I suggested that the computer might be useful in our simulation work but Chamberlin could not spare anyone to do the training, at which time I asked if I could use it, if I learned how to do it myself, to which he agreed. Borrowing the manual I learned how to program that particular computer. Most computer manuals today are very poorly written and leave a lot to the understanding but this particular manual was written so that you could actually learn how to program the machine. Having mastered the technique I then wrote a program that would simulate an aircraft/missile engagement under various conditions and determine the probability of kill for different types of missiles with the Arrow attacking different targets. This was the largest program that I have ever written, even to this day and, as far as I know, was the first ever use of a computer for simulation of any kind.
Having no graphical capability at this time (it took several years for this to develop) all results had to be printed and then plotted by hand. Nevertheless it saved us hours and hours of manual work. I then taught my colleagues how to program the computer and our section was in business. The program, however, took several hours to run, simulating a whole variety of situations, so I obtained permission to run it overnight, starting the program at evening quitting time. The odds of any stranger knowing what was on the output tapes was virtually nil, and overnight staff had security clearances.
We then had the installation of an IBM 704 series computer. Northrop Aircraft, in the meantime, had developed what they called a FORmula TRANslator or FORTRAN. This enabled us to write applications in a more scientifically oriented notation, provided that the established rules for the language were kept. You could then write readable statements such as A = B + C. This notation had to use what were called 'compilers' which would go through several steps before generating code that could be used by the computer.
Reliability was a problem in the early days when most computers were built with a series of vacuum tubes or 'valves', and later with transistors. (Today unreliability is the plague of software rather than hardware). I remember visiting the USA Rand organisation (a strategic think tank) in California where they had two large IBM computers linked together. A demonstration was cancelled because one of the console typewriters had broken down, disabling both computer systems.
During thistime I was sent to a course at a University in Cleveland. There, three professors, Churchman, Arnoff and Ackoff, had written a book 'Introduction to Operations Research' and were trying it out with us. We learned about things called linear programming, simulation (which I knew about already), inventory modelling, queues and assignment problems, sequencing and replacement models, zero sum games and other things, some of which will appear in more detail in later sections.

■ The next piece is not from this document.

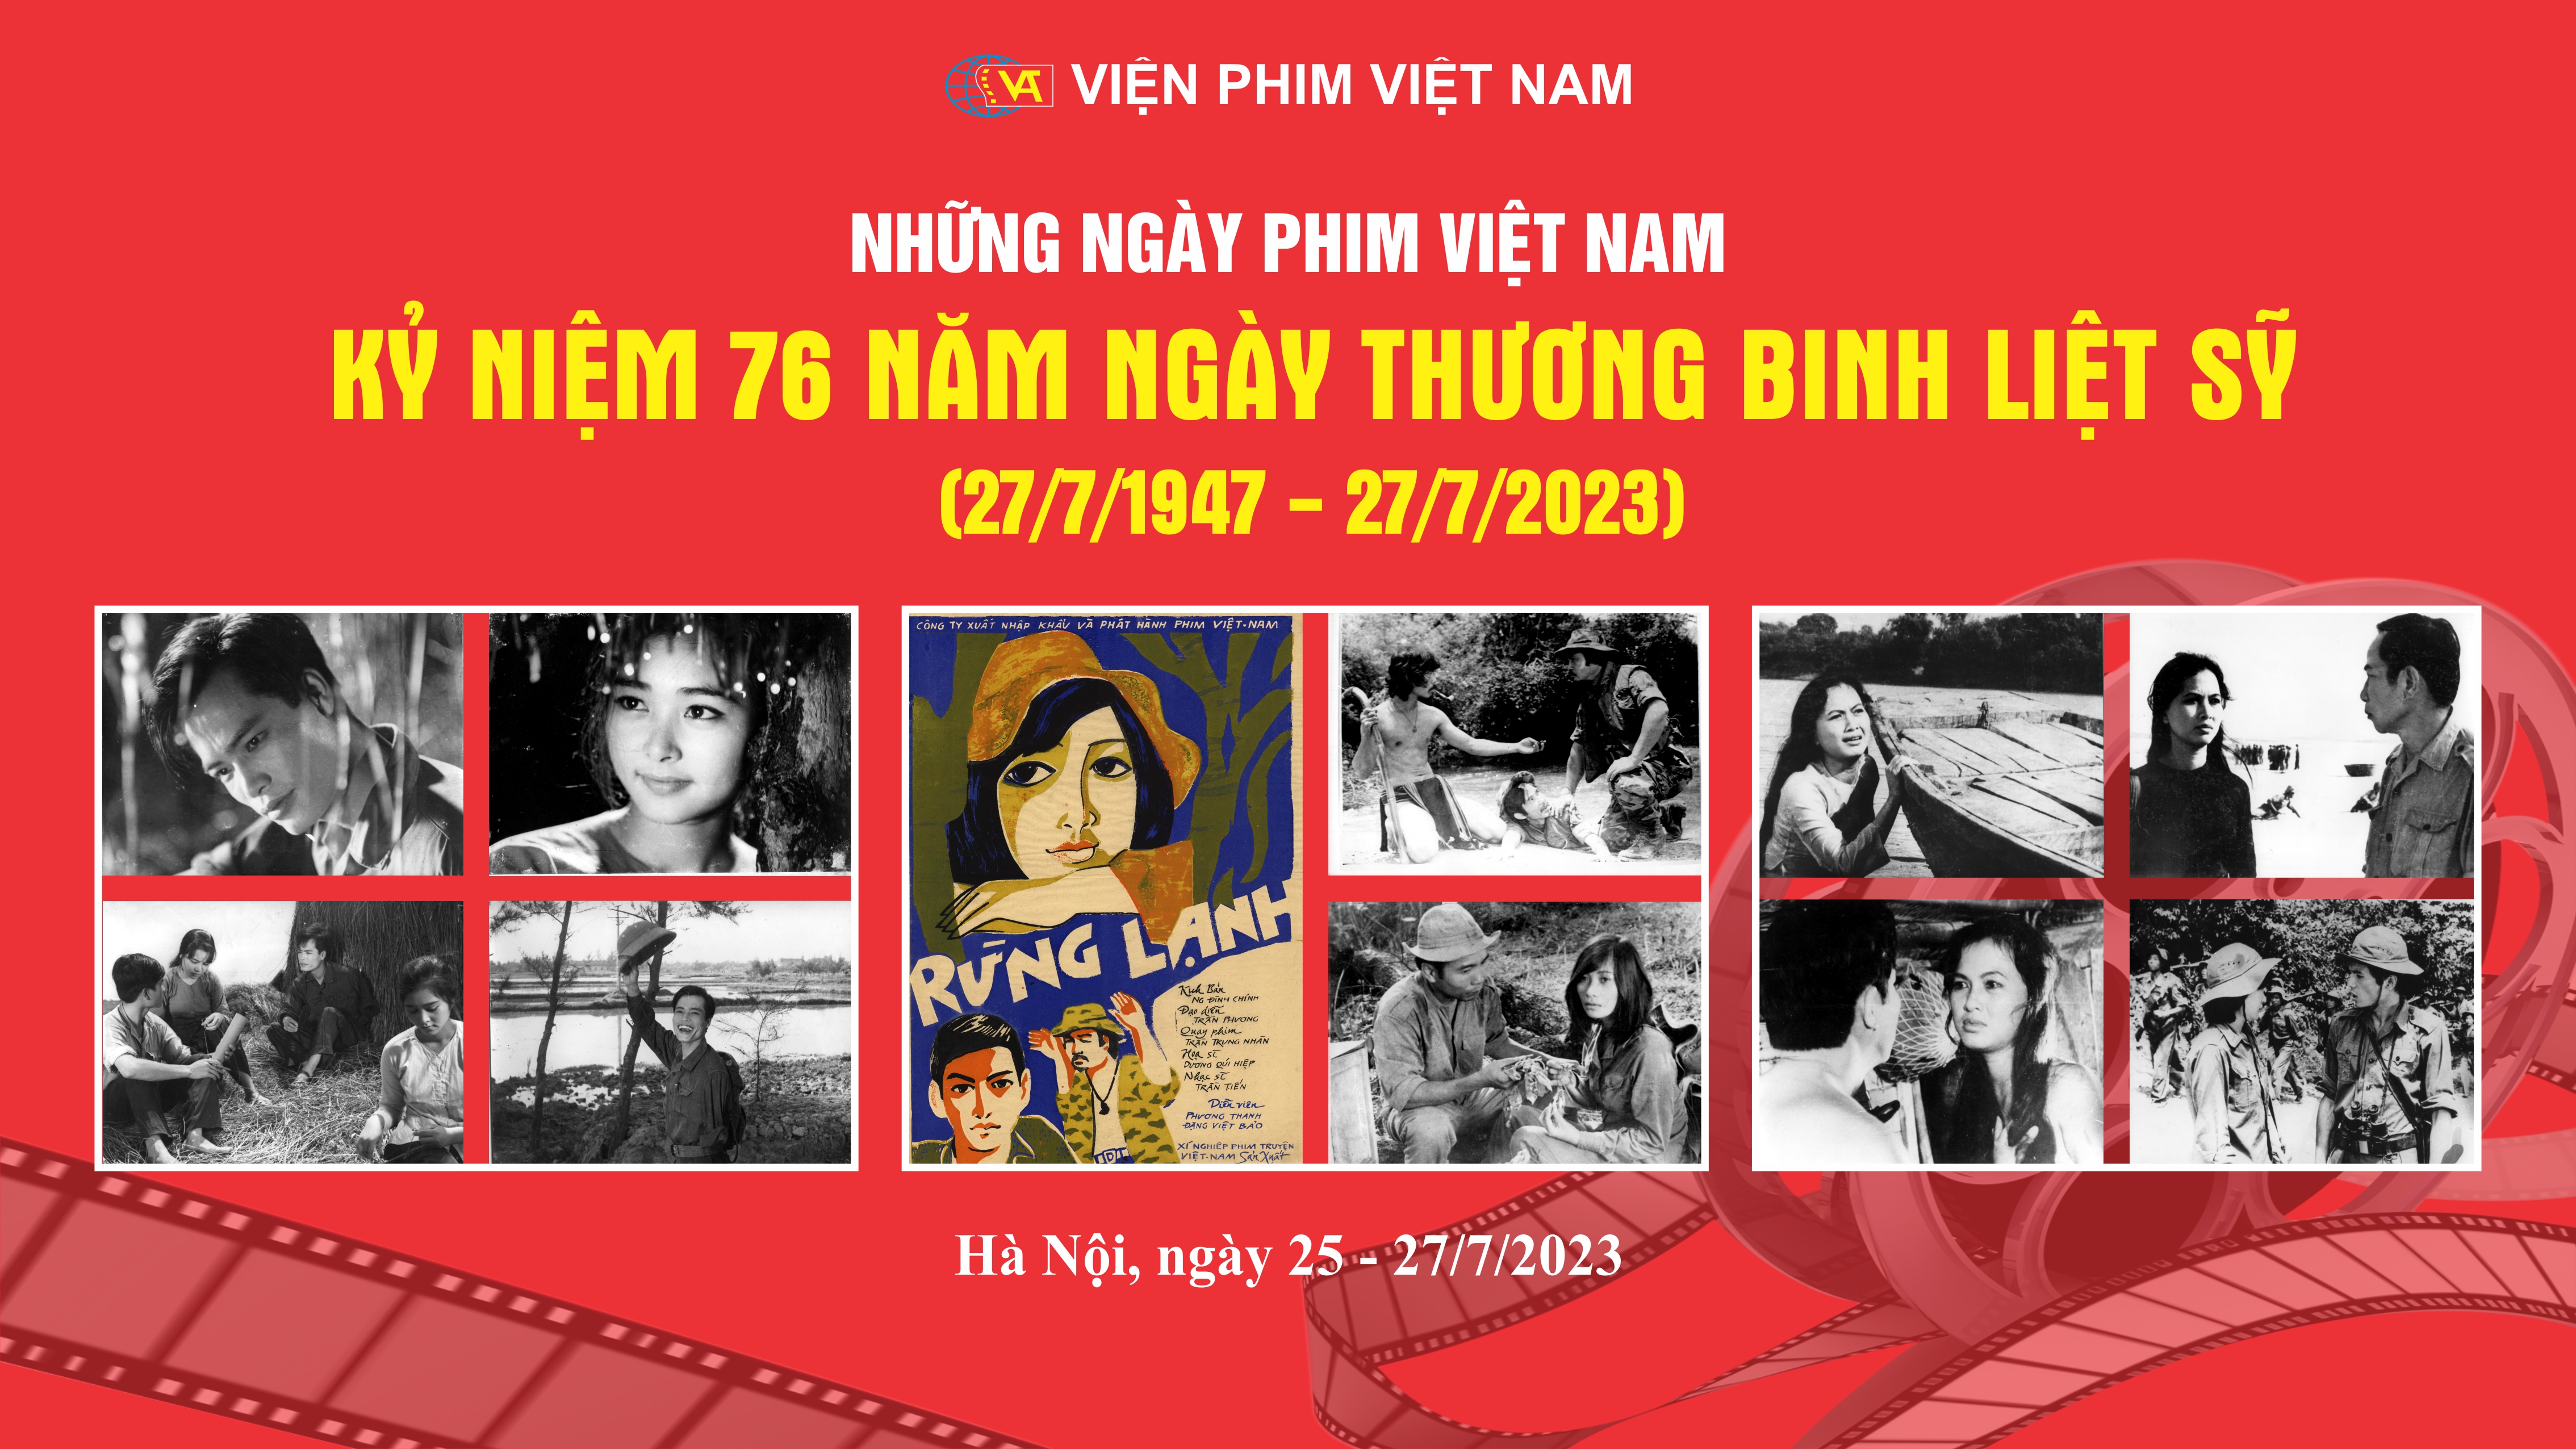 Dấu ấn phim truyện chiến tranh Cách mạng Việt Nam với khán giả sinh viên

The company was building a 'flying saucer' which really looked like a saucer, and like the things we now call UFO's, but I did not get chance to work on it. Instead I spent some time designing a ballistic anti-aircraft missile with no guidance (in some ways very similar to what was developed in the late 1900s by the US anti ballistic missile program). I also became familiar with the North American defence system that used a 'Sage' computer. Again, to hear the propaganda, you would think it would keep the people of North America safe from attack, but in reality, (even if it happened to be working, by no means a certainty) it could not handle more than 100 objects in the air at any one time and the early warning systems with which it was associated were so unreliable that the probability of any hostile aircraft getting through was quite high, more so if it came in at low altitude.

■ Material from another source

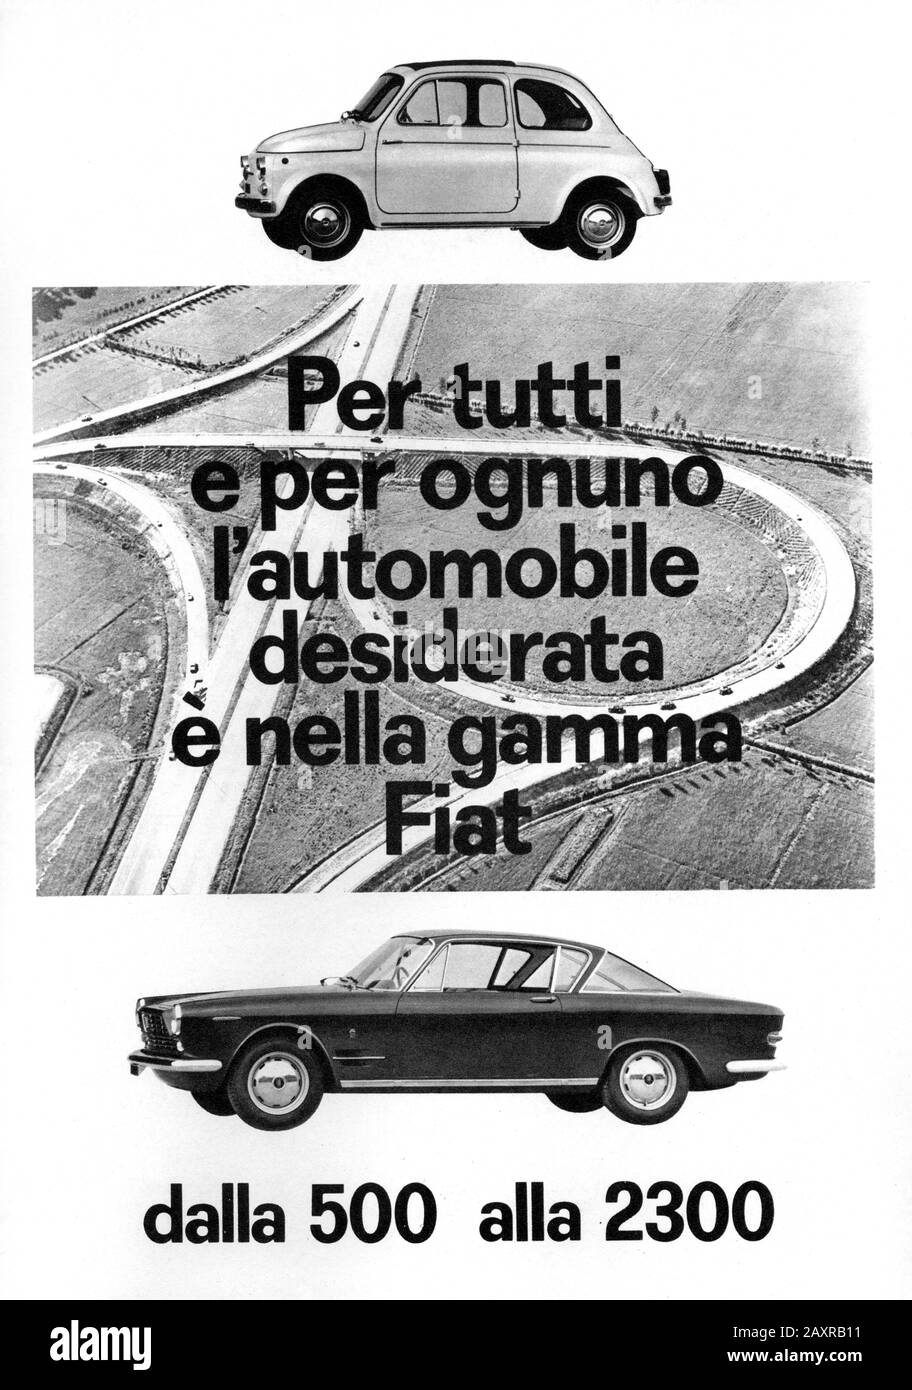 1962 , TORINO , ITALIEN : Die italienische Autoindustrie FIAT ( F.I.A.T. Fabbrica Italiana Automobili Torino ) Werbung für FIAT-AUTOS FIAT 500 und FIAT 2300. - GIANNI Agnelli - Automobil - automobili - Autos - ANNI 60 - SESSANTA - 60 - 60 - 60 - Industrie - pubblicità - FABBRICA - INDUSTRIA AUTOMOBILISTICA - FABRIK - GESCHICHTE - FOTO STORICHE --- Archivio GBB Stockfoto

One of the proposed defence missiles was called the Bomarc, another unreliable piece of hardware that 'perhaps' could get off the ground, if all other systems were working. I worked out that if all the Bomarcs purposed to be stationed in Canada were fired at an enemy the probability was that we would shoot down one and no more than two invading planes.
Our recommendation, approved by the Royal Canadian Air Force, was that the Douglas Sparrow missile should be installed on the Arrow, and design work on that configuration had taken place. The Arrow was, and would still be today, one of the most beautiful and versatile aircraft ever built. One weekend, however, a group of managers went down to California and, when they came back, had decided to change to the Falcon. This was an inferior missile and there was no technical reason for moving to the Falcon. It had the effect of delaying the first flight of the Arrow by at least a year (as much of the electronic systems had to be reconfigured) and of course escalated the costs, leading later to the program cancellation.
Apart from the tragedy of losing the Arrow (and replacing it with totally useless Bomarc missiles) Canada at that time had designed the most powerful engine in the world, the Iriquois, which was to have powered the Arrow. That engine, at the time, was achieving 18,000 lb thrust, while the British were only getting 12,000 lb and the Russians 10,000 lb., the USA at that time weren't even in the game. Aside from the fact that Canada had designed the best aircraft in the world Canada could also have had the world lead in engine design.
There was a great deal of bamboozling the public at that time. One was in the myth that we were well defended from attack. I had a long dialogue with the late Basil Dean, editor of the Calgary Herald. He had been on a boondoggle to review our 'glorious defences' in the North and then wrote a newspaper article saying how wonderfully we were defended. I pointed out to him that his article contradicted that assumption when it referred to the fact that planes had to be at a certain height to be seen. His first reaction was to ask how an ignoramus such as me could question our glorious defenders. I told him I had worked on North American defence systems and explained to him the problem of radar 'ground clutter', following which he shut up.
Another public obfuscation was the idea of public evacuation in the event of an atomic attack by the current potential enemy, at that time, the Soviet Union. It was suggested that major cities should be evacuated quickly in the event of a nuclear threat. To hear them speak you would think that a missile with an atomic warhead aimed for Winnipeg would in fact hit Winnipeg. American missiles at that time were quite inaccurate (inertial guidance systems were just beginning to be introduced) and the Soviet missiles were considered to be even more inaccurate. There was an equal, if not greater, probability that the missile would hit the evacuated area rather than the city to which it was supposedly aimed. The best approach would have been to have a fallout shelter with an adequate food supply, but that would have cost money and evacuation was cheaper, even if those evacuated might be subject to a direct hit. But even without a direct hit their exposure to radioactive fallout would have been much higher than being in a shelter, let alone an evacuation during a Prairie Winter at -40C.
While at Avro I took two graduate courses, one in Advanced Aerodynamics, the other in Advanced Airplane Design, both offered by the University of Toronto Institute of Aerophysics.
Computer security was also something that needed close attention. Computer programs, when running, emit electronic signals which can be picked up by a receiver and analysed. In consequence any sensitive computer installation has to be protected by shielding to prevent unwarranted acquisition of those signals. The room in which the computer is housed must be 'signal proofed' and in many cases what were known as Tempest terminals had to be installed, which were shielded devices for data input and output.
The USA and UK have sophisticated listening devices, and even Canada does its share. Listening devices were located close to the Soviet embassy in Ottawa and they, in their turn, had known 'listening trucks' at strategic points.
Even electrical outlets and cables had to be protected from signal transmission. At one time, a few years later than this section, I was recommending a secure computer system that would be attached to another secure computer system several miles away. I suggested the use of a 32 channel optical cable to transmit data randomly on any one channel, making it virtually impossible to tap the data, instead of using the very slow encrypting systems then available. While I am sure my suggestion was viable I was shown how optical cables can be tapped without it being known. My suggestion was turned down.